When you buy a bottle of wine what factors do you consider? I’ll bet one is what grapes it’s made from. We expect that a Cabernet Sauvignon will taste different from a Pinot Noir or a Chardonnay.
How about when you buy a pork chop? Do you consider the breed of the pig? No? You’re not alone. Over the last half a century, the meat industry has selectively bred more and more standardized animals, taking the breed completely out of the consumer’s mind. Pork is pork, right? Well, maybe. The vast majority of the pork that you buy at the grocery today is likely to be a breed developed over the last few decades, so it’s all going to be pretty similar.
The current trend is towards speed over quality.
While we used to breed animals to be disease resistant, or good tempered, or hardy, or delicious, the current trend is toward one very particular trait: the ability to convert feed into meat as quickly as possible.
First, it happened with chicken. In 1925 it took fifteen weeks to grow a chicken that weighed 2.2 pounds. By 1990 you could grow the same chicken in about four weeks. The biggest cost to raising a chicken is the feed so the quicker you can raise a chicken the less feed you have to give it and the less expensive it is to raise. With the new, faster growing chickens, the slow growing chickens that had pecked around farms were economically obsolete. Within a few decades, dozens of centuries-old heritage breed chickens were almost extinct. They were replaced by a few new breeds. Chicken meat became cheap and suddenly the dream of a chicken in every pot became a reality. Well, maybe a McNugget in every bucket.
But there were a lot of tradeoffs. These chickens lost their disease immunity. Wo they started getting daily antibiotics in their feed. They grew too big too quickly for their skeletons to keep up causing them to have trouble moving around without fracturing bones. So they were jam packed into tiny cages that barely allowed them to move. And while the meat was plentiful, it was bland.
After seeing the financial success they had with developing new chickens meat executives turned their attention to pork. Today, commercial pigs grow faster and bigger than ever. Also, like chickens, the vast majority of modern pigs bear little resemblance to the breeds that were rooting around on farms 75 years ago.

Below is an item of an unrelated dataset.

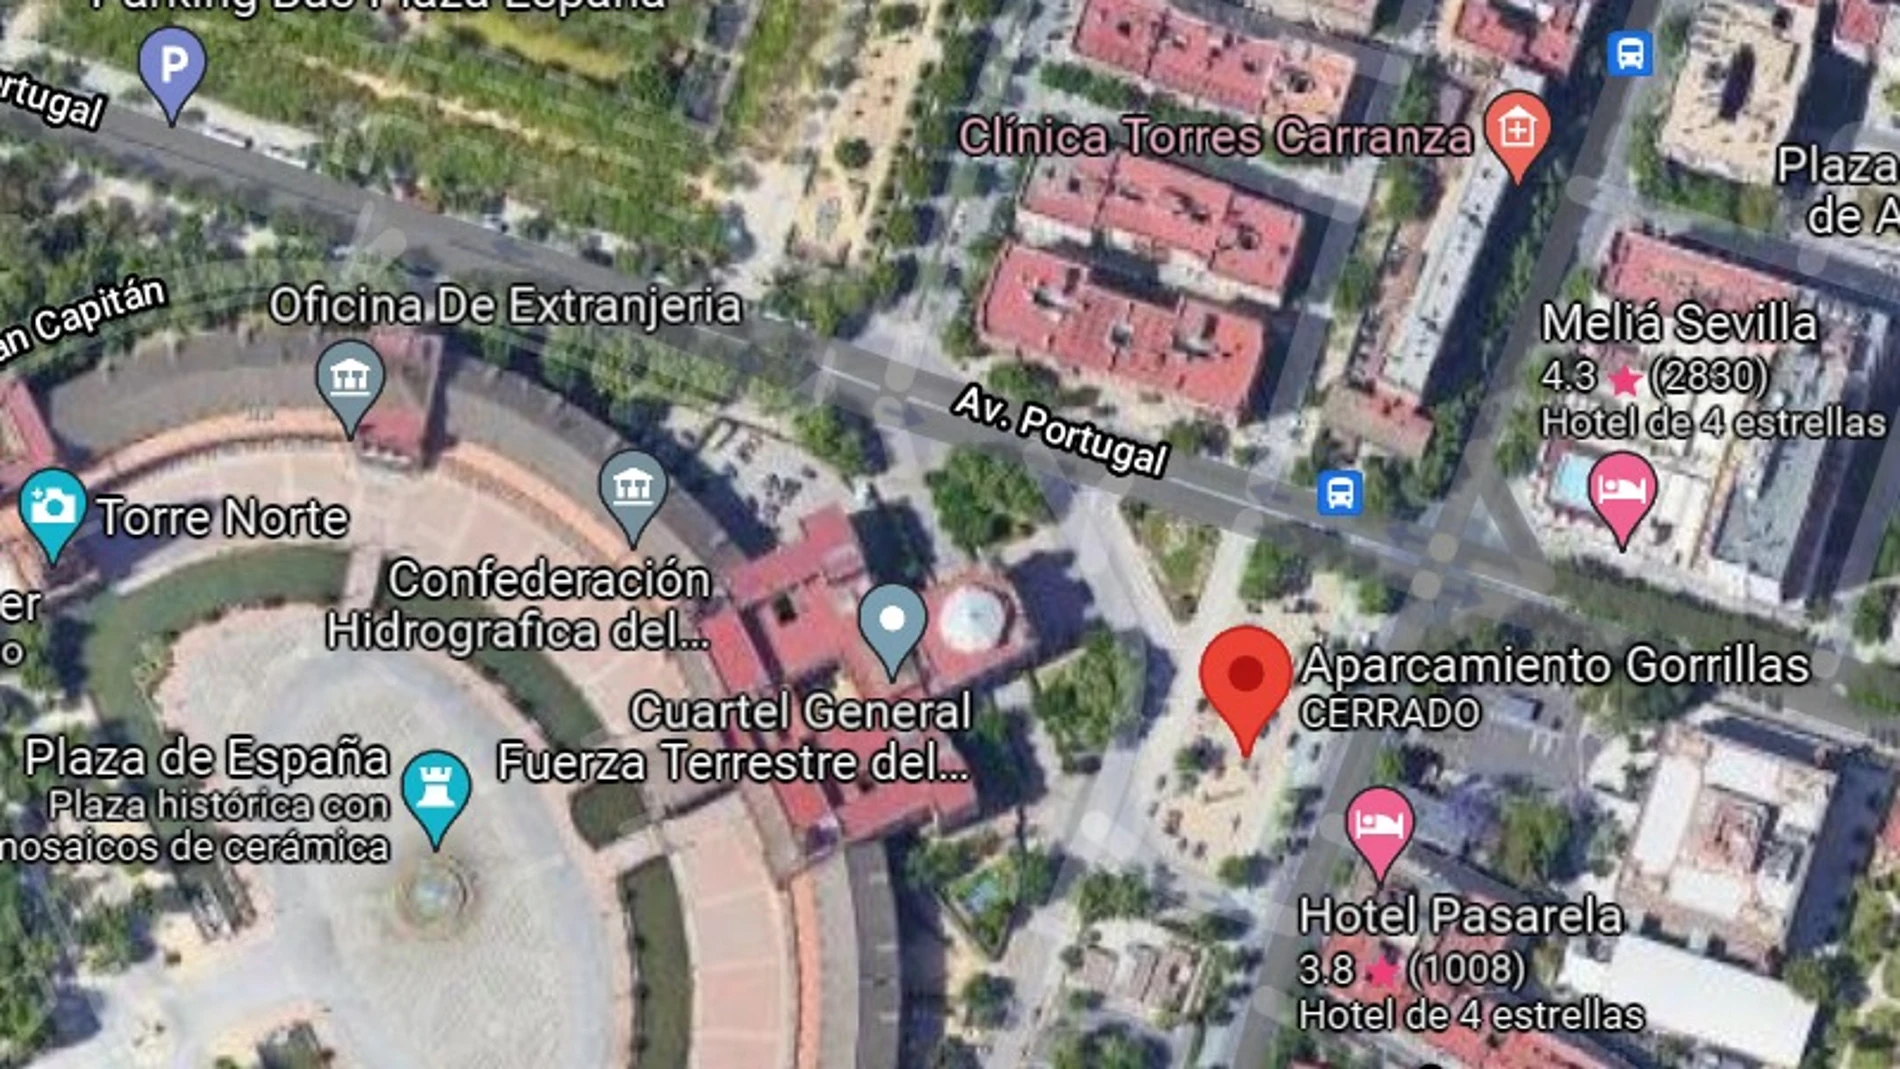 Google Maps reconoce una zona para aparcar en Sevilla como 'parking de gorrillas'

Back then, pigs were raised both for their meat and for their fat. Did you know lard was the number one cooking fat in America until World War II? Then, during the war, lard was so important as a grease used in making explosives that advertising campaigns implored housewives to switch to using “more healthful” vegetable fats like margarine so that the lard could all be used in the war effort. Long before the Mediterranean Diet craze put the nail in lard’s coffin it was on its way out. The idea that animal fats were bad caught on. Farmers started breeding pigs to be leaner. The meat industry noticed that lean muscle developed much more quickly than more flavorful fat and that sped the changes along. Within a few decades pork became so lean and that it ended up being advertised as a stand-in for chicken.
The good news is that there are a handful of farmers out there who are still raising heritage breed pigs.
These are the same breeds that could have been raised by their grandparents. Here are a few that you may find on the market today, including Zingerman’s. They do taste different!
Berkshire: one of the most common heritage pigs today, Berkshire pork is tender and incredibly flavorful—you might call it especially “porky.” It’s a popular choice with chefs.
Duroc: first developed in New England around 1800, Duroc pork is earthy, nutty, bold, yet clean and juicy.
Ibérico Pata Negra: these are the famous pigs that root in the forests of southern Spain and eat the acorns to become Ibérico de Bellota. The meat is usually cured. When fresh it’s unbelievably rich and savory, almost like a cross between beef and pork.
Red Wattle: originally from New Orleans, Red Wattle pork has incredibly complex, herbaceous, subtly sweet flavor. Its prized fat melts in your mouth.
Tamworth: first developed in Ireland, and known for being one of the best breeds for bacon. The pork has sweet, nutty notes.